If you would like to read about Daraja's approach in more detail, please download our 2007 Concept Paper.
Daraja is a newly established NGO, which aims to make local institutions more responsive to the needs of the wider community in rural Tanzania. Our mission is to empower communities and local institutions, and build their capacity to work effectively together to reduce poverty in Tanzania.
We believe in bringing government closer to the people, and that democratic governance offers the best chance for achieving social justice within any particular society. For these reasons we are committed to making democratic decentralised government work for the poor in rural Tanzania.
We will:
  • Work with local government
    , so that officials are better able to respond to communities
  • Work with local communities, so that they are more aware of their rights and better able to hold gov ernment to account
  • Improve links between government and communities, creating opportunities for debate and discussion
What are the problems?
A simple lack of money is no longer the main obstacle to rural development in Tanzania. Economic growth has led to greater tax revenues, while donors have continued pouring money into the country at ever increasing rates. While it is true that most of these funds are not assigned to poor rural areas, there is nevertheless enough money allocated to achieve a significant improvement in rural services and make a substantial dent in rural poverty.
So why have we not seen the changes that everyone has hoped for? Our research has pointed towards a number of obstacles to effective local governance. They include:
  • Communities don't have good ways to ensure local government is accountable. Multi-party elections are only a first step towards local accountability. There is a lack of genuine electoral alternatives, and little by way of public debate. There are very few local media outlets, and civil society is generally weak.

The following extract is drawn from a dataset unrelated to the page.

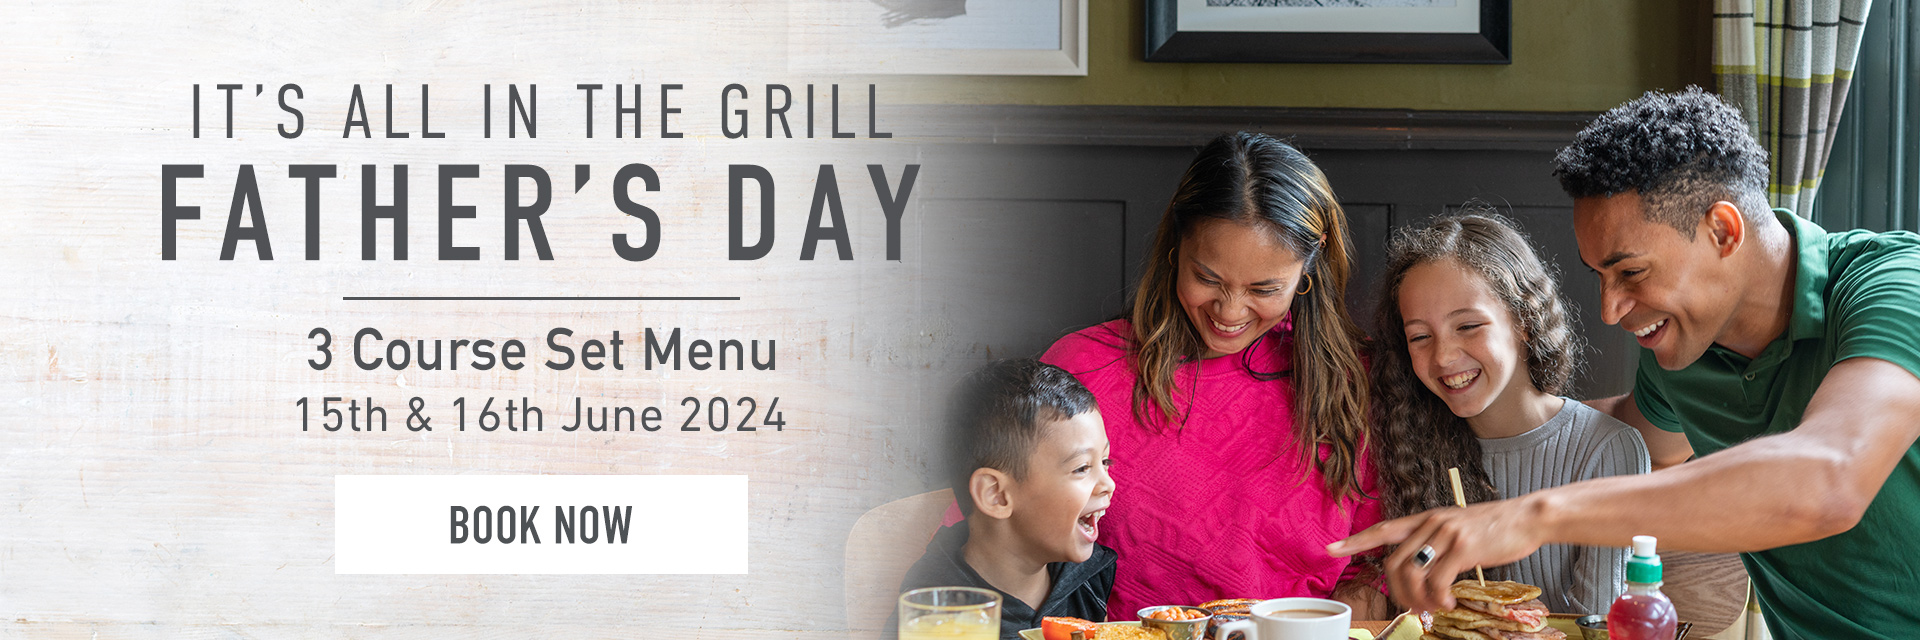 Father’s Day at HORSE & GROOM SIDCUP

  • Central government officials and donors find it difficult to 'let go' and give local government authorities real decision-making power. Through a range of mechanisms, local government often finds its hands are tied. This recentralisation happens because of concerns over corruption, bureaucracy and capacity, but the effect is to undermine local accountability: who will bother to exert pressure on local government if all the big decisions are being made elsewhere?
  • The culture of local government discourages responsive governance. Traditionally, local government has played an implementing role, acting as local agents for national ministries and departments rather than listening to local priorities. Also, popular perceptions of government discourage scrutiny, and forceful and corrupt practices are expected and even seen as acceptable.

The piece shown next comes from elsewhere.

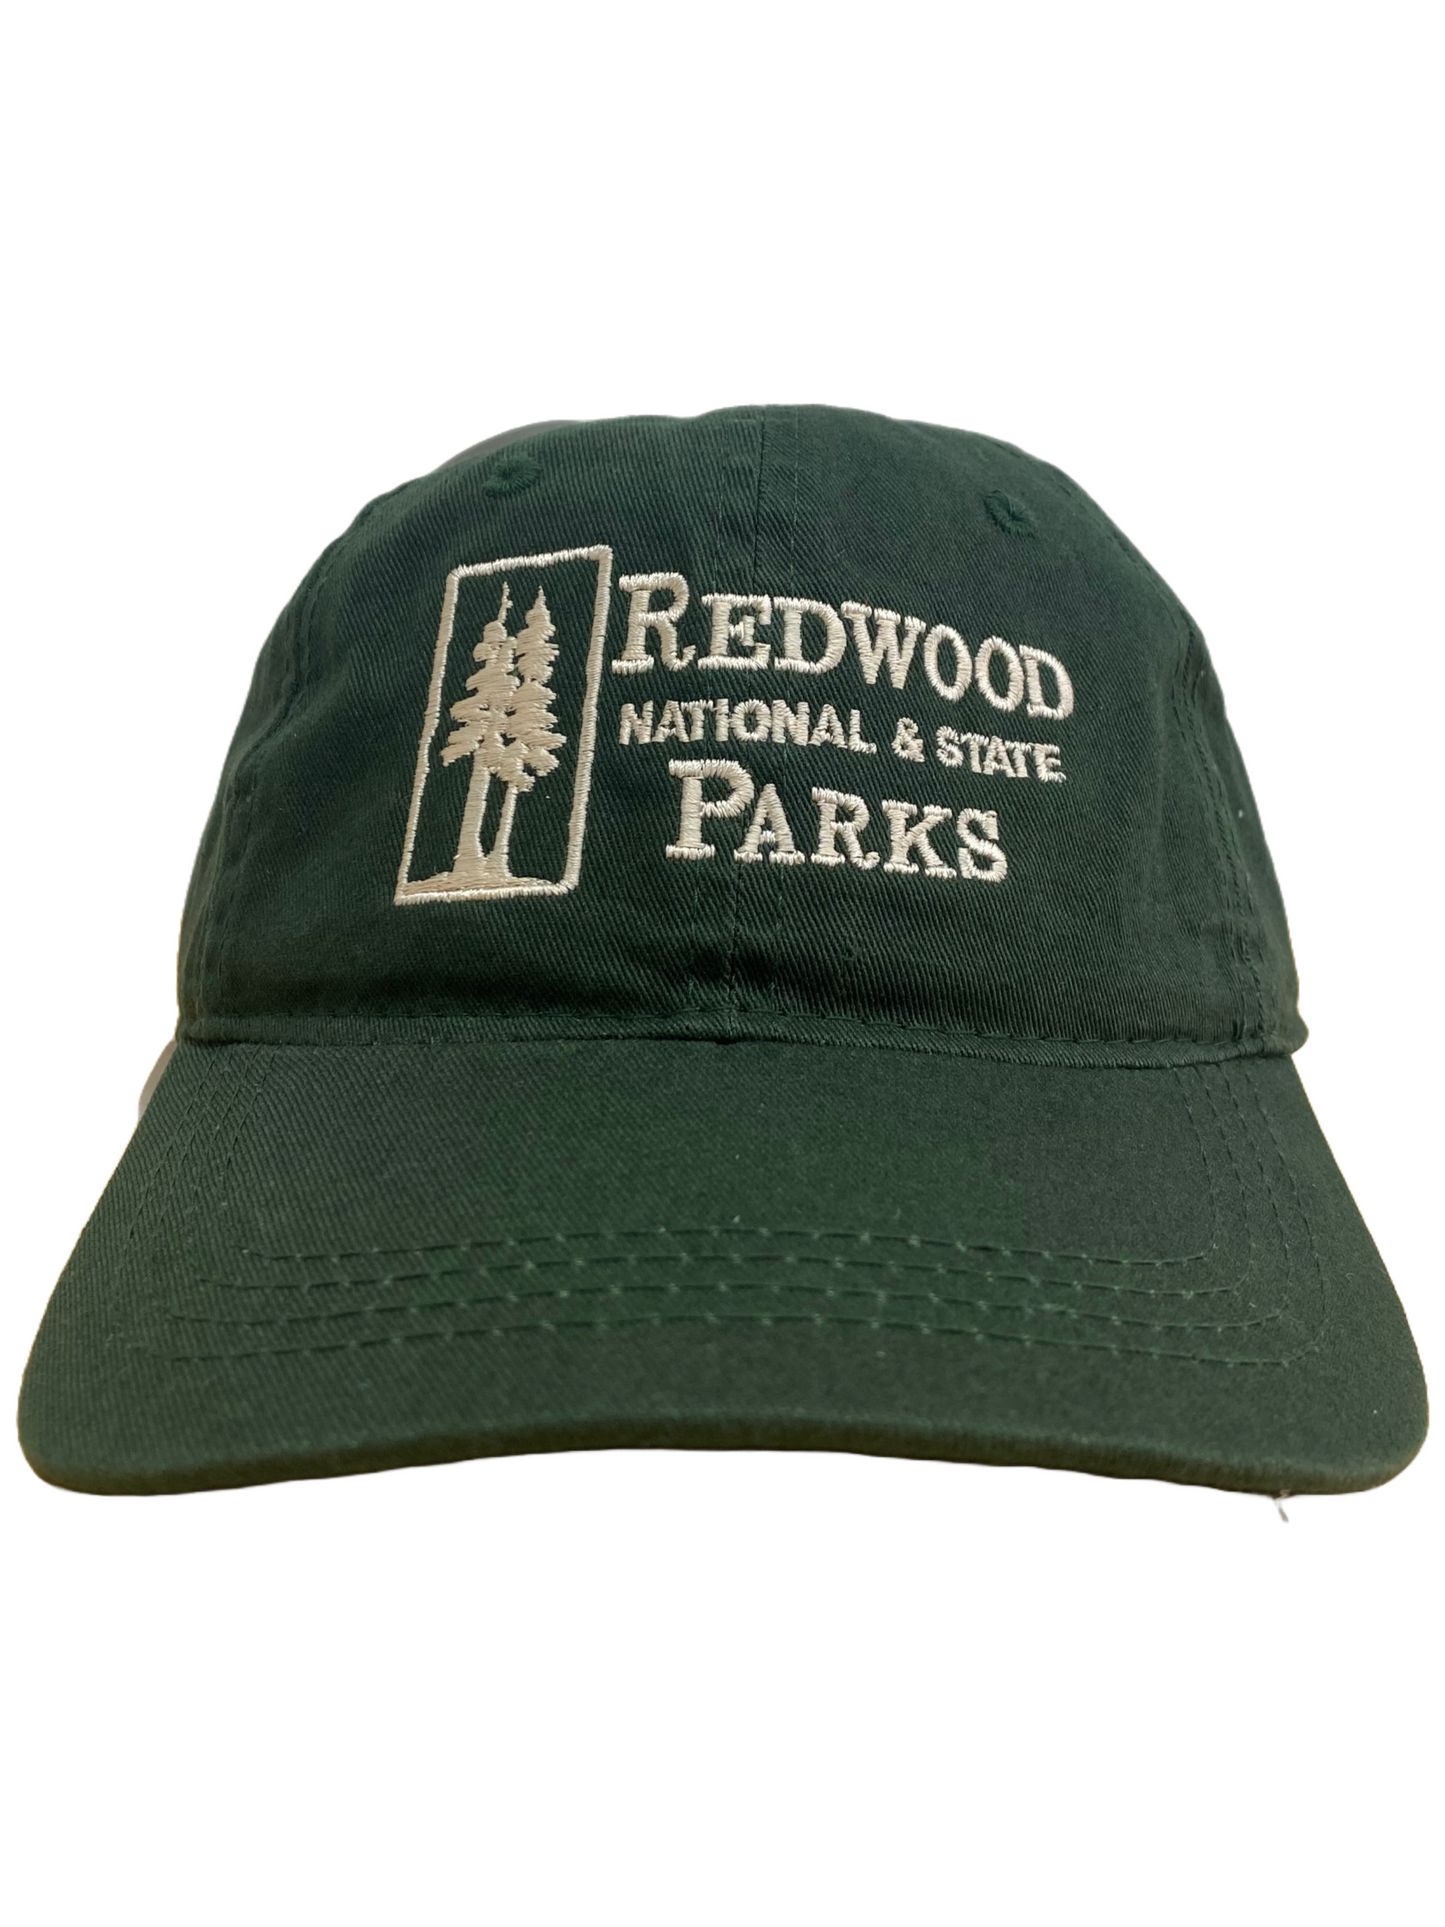 Redwood National & State Parks Forest Green Cap

How will Daraja address them?
At village level - we will stimulate local discussion, thus helping the community to clarify its needs and priorities. We will raise awareness of citizens' rights, to make sure the community knows what it can ask for, and we will focus on disadvantaged community groups - such as women and young people - to make sure they can engage effectively with local government. We will also work with village government, building their capacity so that they can productively consult with the community.
At district level - again, we will work with institutions and the community, making sure both are better able to interact with each other, learn from each other, and ultimately reach agreement about future policies and activities. However, at this level the means will be somewhat different. For example, we will use, and on occasion set up, local media outlets, so that elected officials can be brought into contact with large numbers of community members. This might be through a live debate or a radio phone-in programme.
At national level - we will carry out research on the impacts of particular programmes, including our own, and share the knowledge that we gain. Based on this, we will then advocate for changes in policy in other areas, and potentially across Tanzania. One change might be to give local governments more autonomy - once we have successfully fostered local accountability in a given area, that will encourage central government to 'let go' and give local government more responsibility.